You will also tell the truth about John McCain: that he tried, as a Senator, to do what it took to prevent this crisis. You will tell the truth about President Bush: that his administration tried more than once to get Congress to regulate lending in a responsible way.

This was a Congress-caused crisis, beginning during the Clinton administration, with Democrats leading the way into the crisis and blocking every effort to get out of it in a timely fashion.

If you at our local daily newspaper continue to let Americans believe --and vote as if -- President Bush and the Republicans caused the crisis, then you are joining in that lie.

If you do not tell the truth about the Democrats -- including Barack Obama -- and do so with the same energy you would use if the miscreants were Republicans -- then you are not journalists by any standard.

You're just the public relations machine of the Democratic Party, and it's time you were all fired and real journalists brought in, so that we can actually have a daily newspaper in our city.
 

paul_valaru

100% Pure Canadian Beef
Because if Orson Scott Card says it it must be true!!!!

Actually that is NOT sarcasm, I have read his books, and they are some of the most intelligent I have had the pleasure to enjoy.

I still think the democrats are the better choice (but I am Canadian).
 

spike

New Member
Jimbo posted another opinion piece. Go figure. :rolleyes:

He just bitched about someone elses source like yesterday. Just uncommon levels of hypocrisy going on here.
 

paul_valaru

100% Pure Canadian Beef
Jimbo posted another opinion piece. Go figure. :rolleyes:

He just bitched about someone elses source like yesterday. Just uncommon levels of hypocrisy going on here.

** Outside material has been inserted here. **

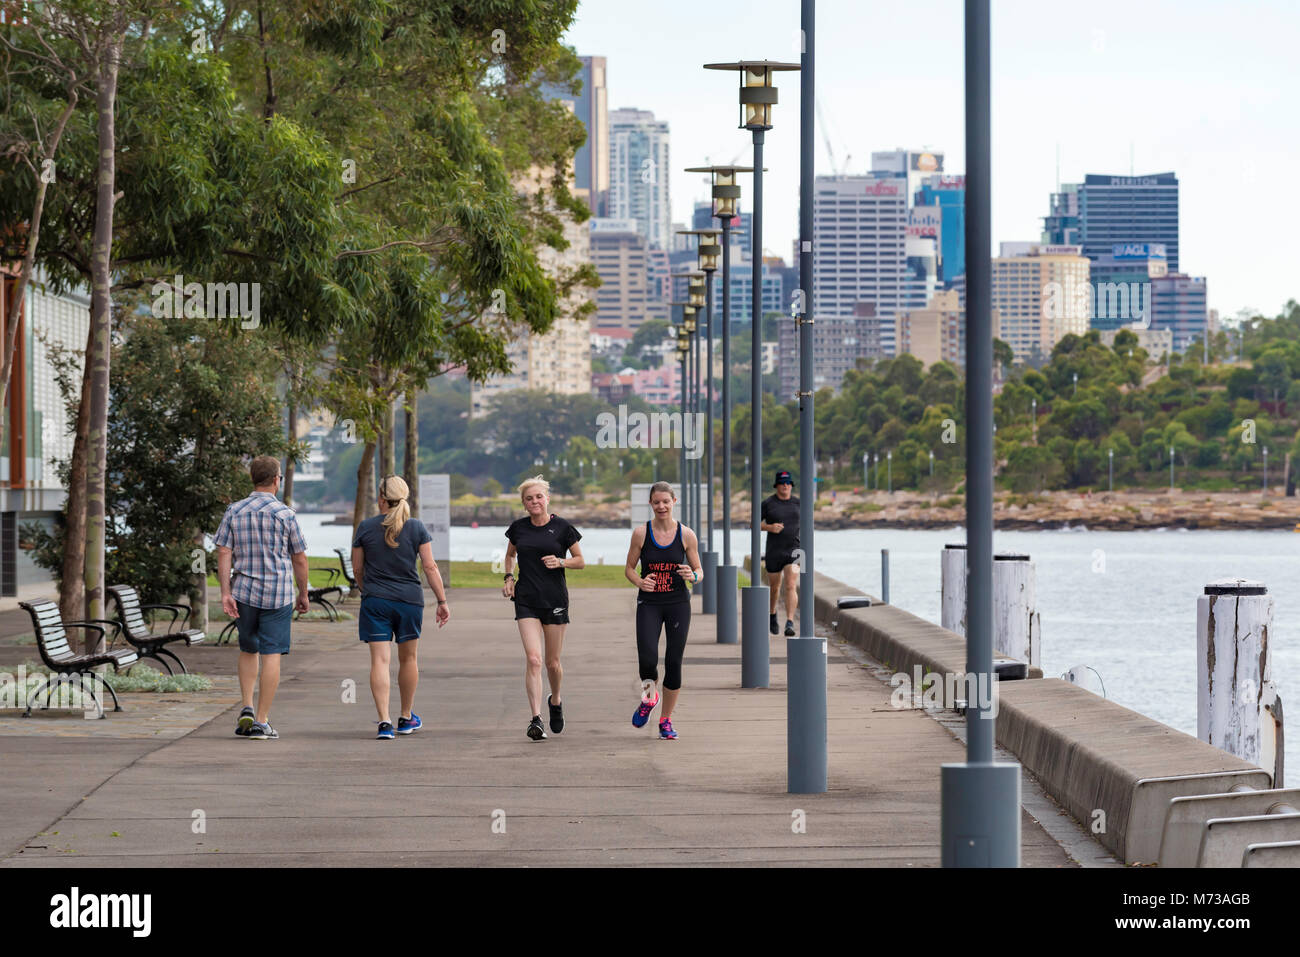 People walking and exercising along a promenade beside Sydney Harbor in Pyrmont, Australia Stock Photo

Now you are bitching, when the title CLEARLY states open letter.
 

spike

New Member
Didn't Jimbo JUST bitch about the source you used for Top Ten Racist Rush quotes. Then the next day he starts a thread with an opinion piece.
 

paul_valaru

100% Pure Canadian Beef
Didn't Jimbo JUST bitch about the source you used for Top Ten Racist Rush quotes. Then the next day he starts a thread with an opinion piece.

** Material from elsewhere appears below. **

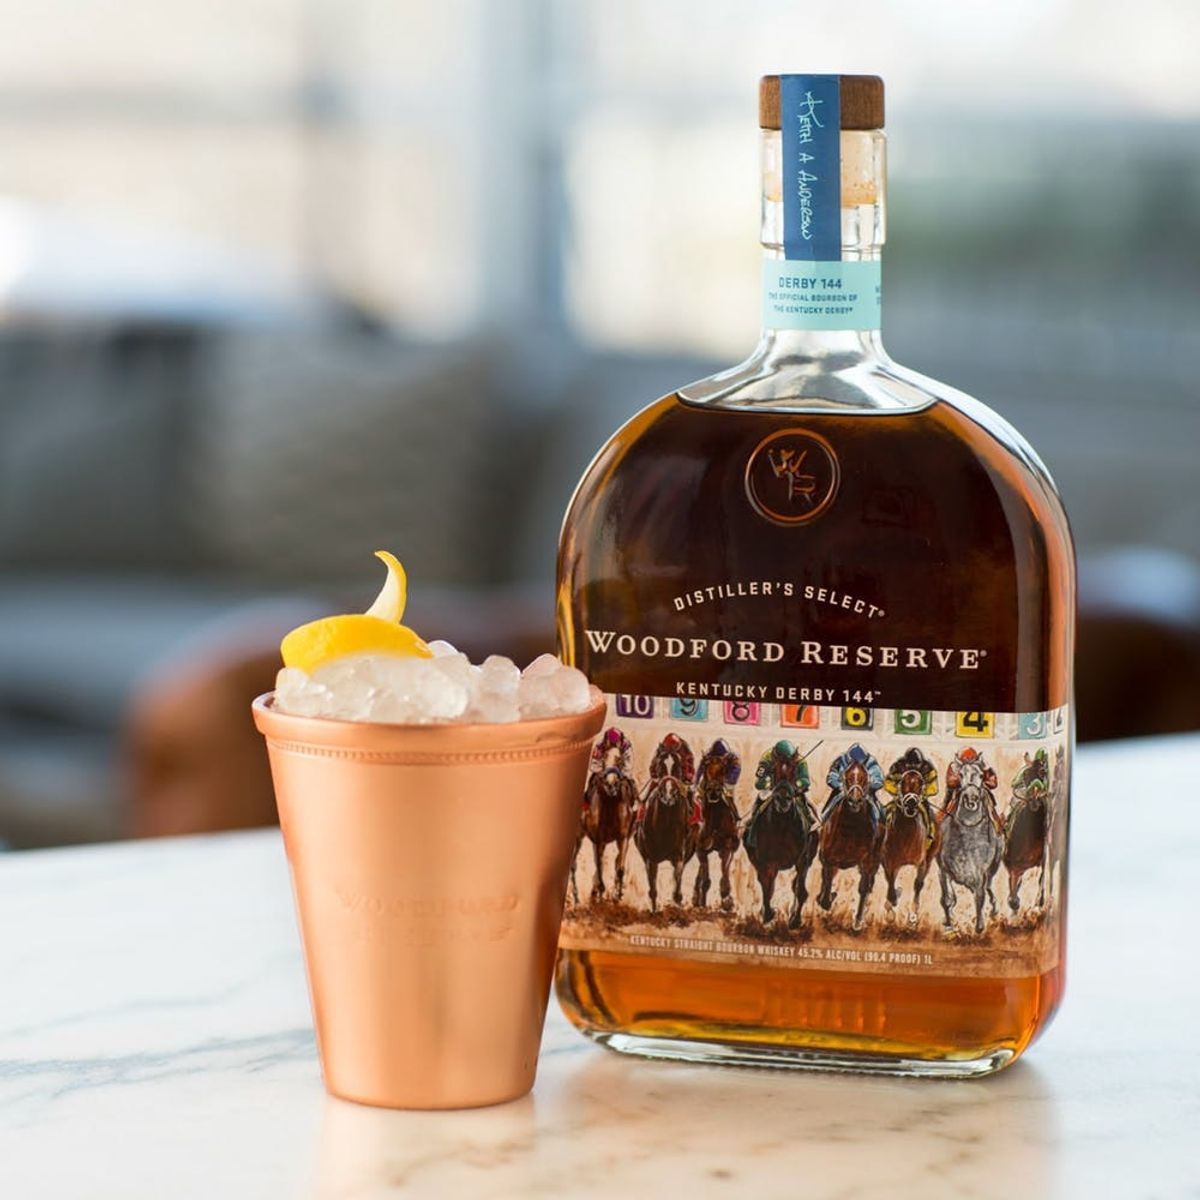 The Official 2018 Kentucky Derby Cocktail Recipes Are Here

Yes he bitches, yes you bitch.

but the title of this thread clearly says OPEN letter.

open letters being opinion peices

he posted an opinion peice as an opinion peice.
 

spike

New Member
he posted an opinion peice as an opinion peice.

I suppose that is an improvement over his usual pattern of posting opinion pieces as if they are facts. I guess we take what we can get.

Labeling it "blatantly biased crap" still doesn't change the fact that it's blatantly biased crap. Whatever, let's ignore that and address the premise of the article that journalists are giving Obama a pass on things they wold beat up a Republican for. Pretty ridiculous isn't it?

The media played up Rev Wright non-stop while Connections with Revs. Parsley and Hagee got a pass. Palin's reverend connection actually destroyed a woman's life because he thought she was a witch but somehow is not very big news.

Ayers has come up again and again in the media while McCain's connection with G. Gordon Liddy has bee given a pass. The Palin family's strong connection with an anti-American secession movement is practically swept under the rug.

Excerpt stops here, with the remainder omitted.